# A monatomic gas is adiabatically compressed

1. May 17, 2009

### vorcil

http://img198.imageshack.us/img198/1122/masteringphysicsscreens.jpg [Broken]

p = ((1/3)*(N/V))*mv^2

vrms = squareroot ((3p)/(N/v))

i tried substituting .125 into the equation to get some numbers, didn't get anything useful

can someone show me the formulas that i have to use, and how to use them? or explain how to solve this problem

cheers

Last edited by a moderator: May 4, 2017
2. May 17, 2009

### vorcil

anyone?

3. May 17, 2009

### Andrew Mason

If the question called for an actual calculation (I am not sure it does), you would use the adiabatic condition :

$$PV^{\gamma} = constant$$ or:

$$TV^{\gamma -1} = constant$$

In other words, these quantities remain unchanged in an adiabatic process.

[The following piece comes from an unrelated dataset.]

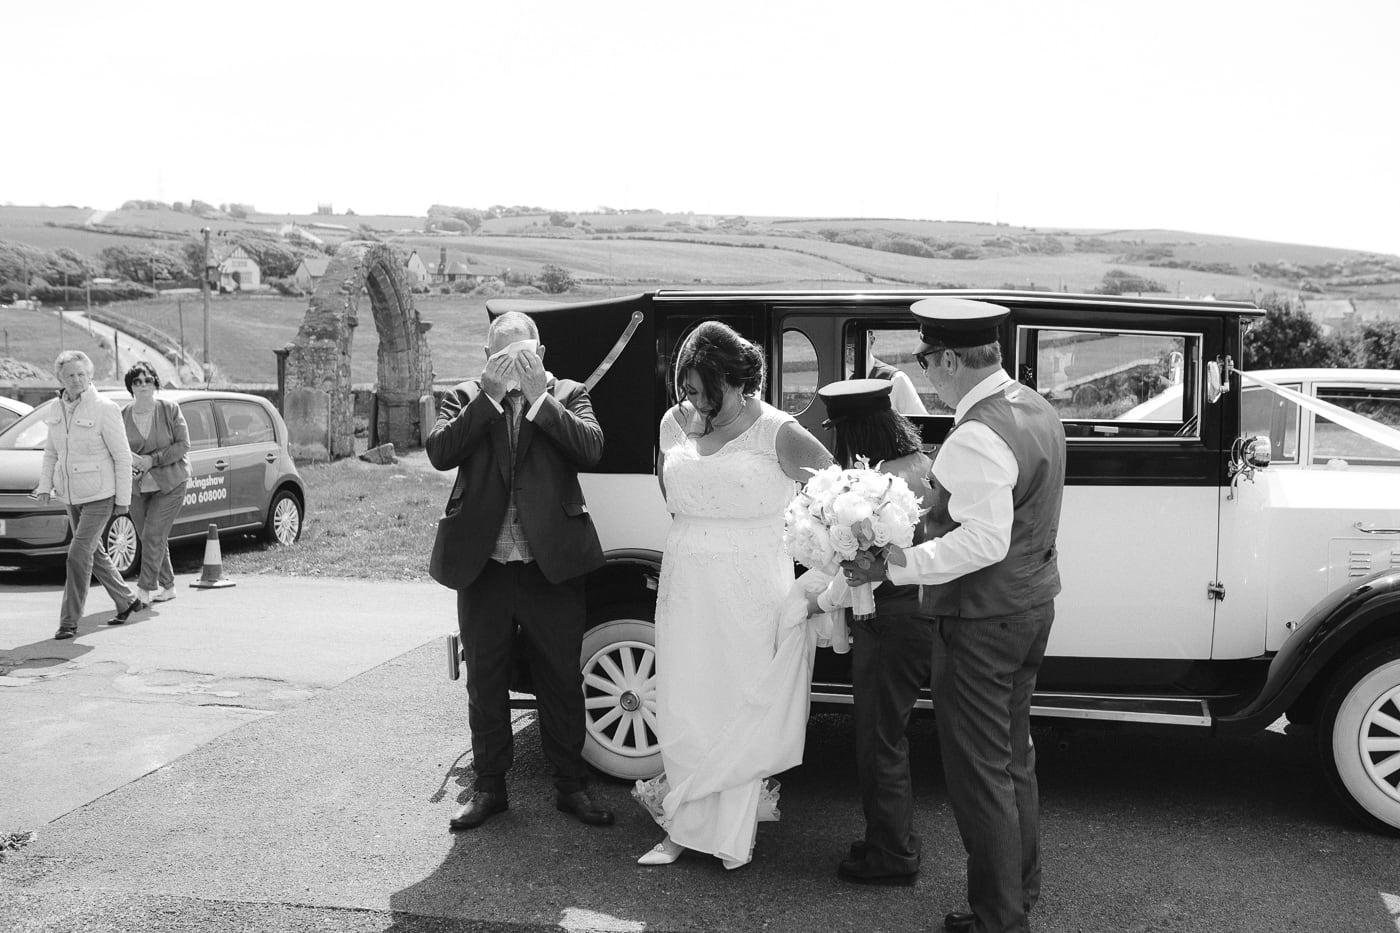 Bride in Wedding Dress Outside Wedding Car Ready For Big Day at Irton Hall Cumbria

Since work is done on the gas, what can you say about the temperature after adiabatic compression (apply first law)? How does vrms relate to temperature?

Would the specific heat Cv change? (remember, the gas is ideal).

What does the mean free path mean? How would it change with reduced volume?

AM

Last edited by a moderator: May 4, 2017
4. May 17, 2009

### vorcil

since those values were constant and work is done on the gas, i would expect the temperature to decrease as the volume of the gas decreases to keep the thermal energy constant,

if the temperature decreases, i don't think anything happens to the vrms of the gas, because i looked through the book at the vRms of a gas section and the formulas have nothing to do with temperature (though i'm sure they do)

5. May 17, 2009

### vorcil

ok i found in my book

P = f/a
= 1/3 * N/V * MVrms squared

n/v = p / boltzmanC * temperature

so the volume is inversely proportional to temperature as was my guess, if volume decreases the temperature increases

6. May 17, 2009

### vorcil

they are constant?

7. May 17, 2009

### vorcil

oh that was the volume not vrms

i found the equation 1/2m * vrms^2 = 3/2 kb t

which means the average root mean square velocity is directly proportional to temperature

3/2 T with kb being boltz's constant, if it decreases, the velocity decreases aswell

8. May 17, 2009

### vorcil

bah i failed this question and only got two of the awnsers right

i knew that the heat specific ratio was constant so it was 1,

i got for the first question 2.07 instead of 2.00 and because it's mastering physics i failed that question
i got that from ln(1/.125) for an adiabatic process

the other two awnser for B and C
were lavender = .125 (not sure why the mean free path was the same as the volume percentage it was reduced too
and C was 4,

no idea how the first three awnsers came around for
part a b and c

could someone please show the maths behind it, and the way to those awnsers? i've already finished the question so i just need someone to explain it without asking a question ^ ^

9. May 17, 2009

### Andrew Mason

Since $TV^{\gamma - 1}$ does not change:

$$T_fV_f^{\gamma-1} = T_iV_i^{\gamma-1}$$

So:

$$\frac{T_f}{T_i} = \frac{V_i^{\gamma-1}}{V_f^{\gamma-1}}$$

since Vi/Vf = 8 and $\gamma = 5/3$:

$$\frac{T_f}{T_i} = 8^{2/3} = 4$$

So the internal energy increases by a factor of 4 and since $v_{rms}^2 \propto T$, the vrms increases by a factor of 2.

$$v_{rms-f} = 2v_{rms-i}$$

AM

10. May 18, 2009

### vorcil

Thanks, i actually figured it out in the end by myself :) Almost exactly the same way as you did XD
cheers